A guy is swindled out of millions by a diamond jeweler that he was formerly partners with.  The cop asks him why he didn't file suit.  He replies:

יהלומנים לא מסתובבים בבתי משפט. 

I understand lehistovev to mean "to turn" or "to rotate".  I don't get what it means in this sentence.


----------



## arielipi

it can also mean to hang around...  ; actually you misunderstood! lehistovev is to hang around, lesovev is to turn (something),to rotate.


----------



## dukaine

arielipi said:


> it can also mean to hang around...  ; actually you misunderstood! lehistovev is to hang around, lesovev is turn (something),to rotate.

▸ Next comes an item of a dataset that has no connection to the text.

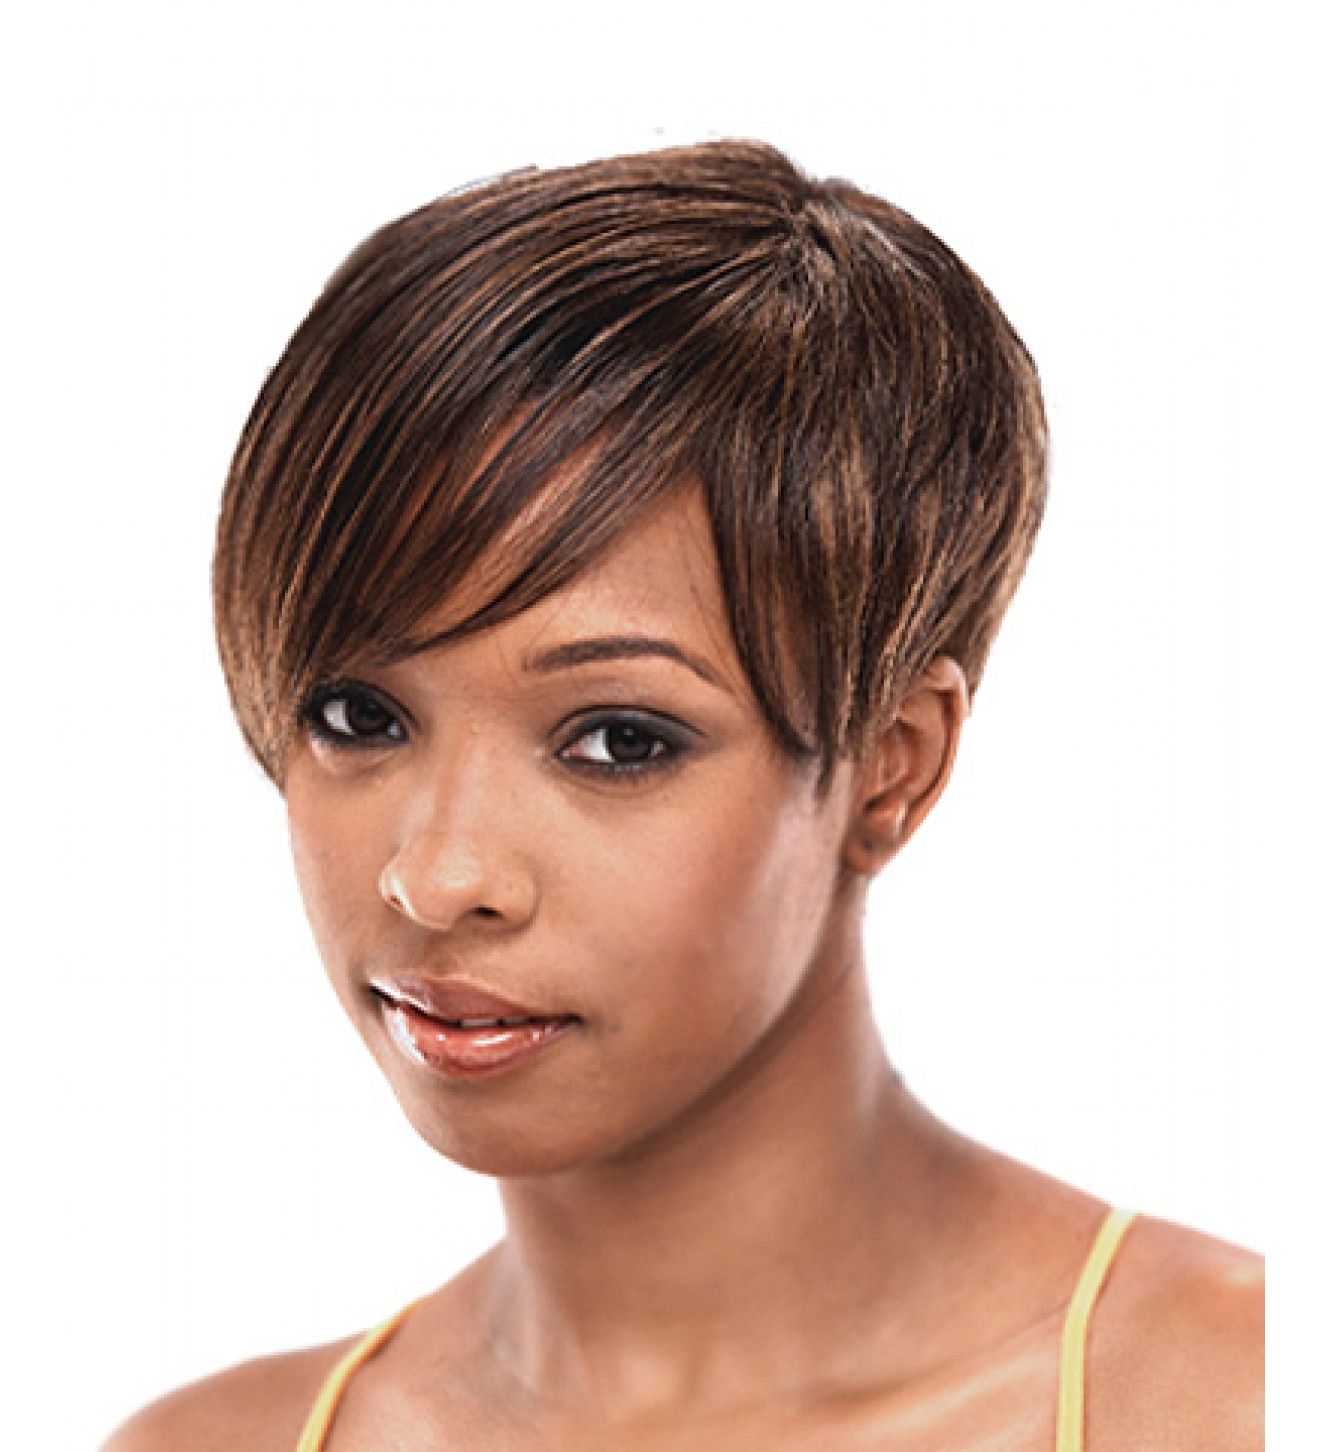 Short Weave Hairstyles For Round Faces | All Hairstyles Throughout Short Weaves For Oval Faces (Photo 8 of 25)

I was reading the caption and that was what was there. It was actually conjugated as מסתובבים.  When i looked it up with this spelling, "turn, rotate" was what came up.  I checked three places.  Maybe a typo on the caption?


----------



## arielipi

mistovevim can be both, almost all binyanim are both, itsone of those cases where you need to know by the context i guess...


----------



## dukaine

"To hang out" makes sense in this case.  It was a mafia deal that went wrong; I wouldn't hang out in court, either, if I were the mob.


----------



## Ali Smith

Shalom, is להסתובב lehistovev, meaning “to turn (intransitive)”, from hitpa’el? What are the root letters?

Thanks!


----------



## Drink

Ali Smith said:


> Shalom, is להסתובב lehistovev, meaning “to turn (intransitive)”, from hitpa’el? What are the root letters?
> 
> Thanks!



It's hitpolel. The root is סבב.


----------



## Ali Smith

That’s weird because להתכונן is from the same conjugation (להתפולל), but everyone says it’s root letters are k-w-n, not k-n-n!


----------



## Drink

As I said to you last time you asked this question:



> Yes. The hitpolel binyan is usually used for hollow roots, and it doubles the last root letter. *Often it is used for geminate roots as well, in which case the last two root letters are already double.* Sometimes other weird things happen like with התרוקן.



סבב is exactly the sort of "geminate root" I was talking about.


----------